The two main reasons why you should not immediately power down an endpoint suspected of ransomware is because 1. It could lead to permanent data loss and 2. You would not be able to continue analyzing the ransomware (if necessary) and volatile memory would be erased.
@@ImCyberJames It makes sense but could they not have written a program to automatically encrypt once you disconnect or isolate from the network? Some viruses will actually delete once they are no longer connected to the network? By powering off could you not boot in safe mode and start the scan after you isolate? I feel like that if the ransom was embedded in certain processes that would not run during the boot, you would be able to quarantine in a safe environment after the reboot and scan. If it is a active ransom attack they have already encrypted and gained the key before they reached out to you anyway..

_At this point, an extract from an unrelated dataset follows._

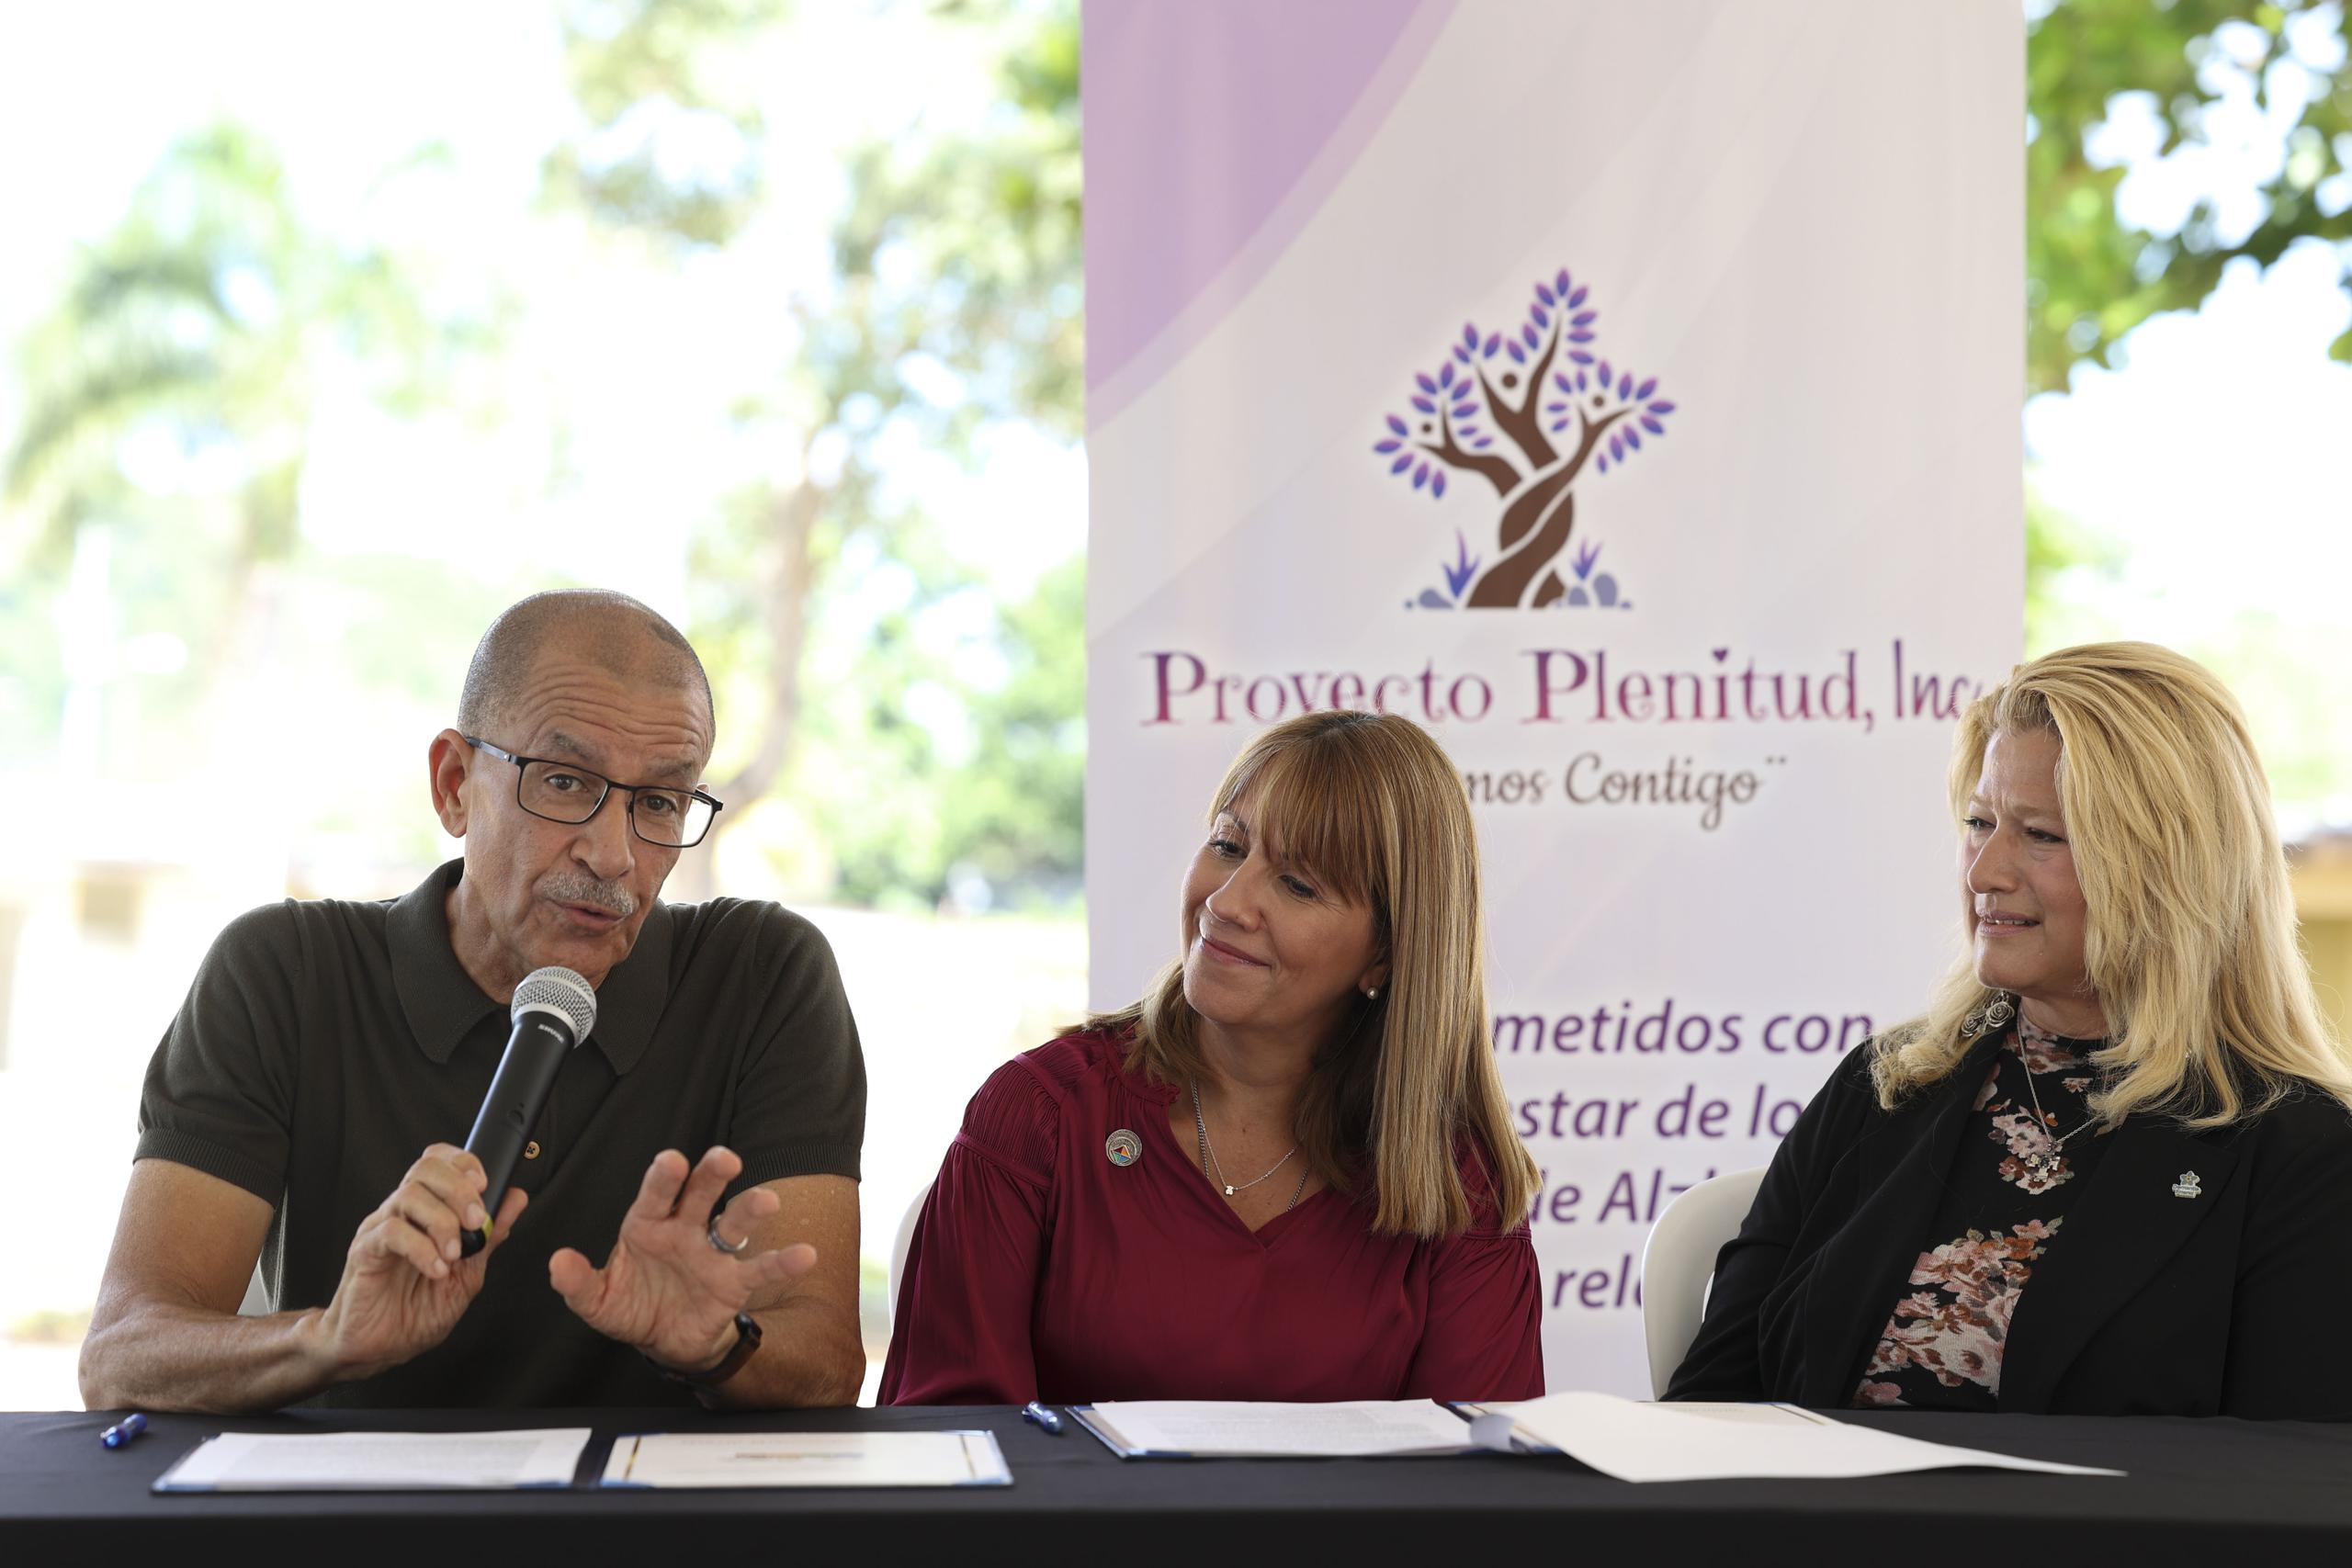 De izquierda a derecha, el alcalde de Toa Baja, Bernardo "Betito" Márquez, la directora ejecutiva, del Proyecto Plenitud, Dra. Florencia Velázquez y Ana Gratacós, directora de Dementia Friends.

I have beef with no 9. You cant access the computer if it isnt connect to any network. Which a thief/ hacker would not do. I would remove the storage from it. Which should be encrypted at rest or full disk encryption.
B isn't a bad answer, the symptoms are similar. The reason why I went with A was because the scenario mentioned a web application. Web applications are connected to a database, and web applications are *often* targeted by SQL attacks. In my mind the specially crafted code was SQL code, and without input sanitation it left the database that connects the finance processes vulnerable.
u mean question 3. SSL is right because MD5 is hashing technique, DSA is primarily used for Digital Signatures, AES is encryption technique used to encrypt data at rest and is used in protocols like SSL or TLS to enrypt data in transit so we select SSL as whole.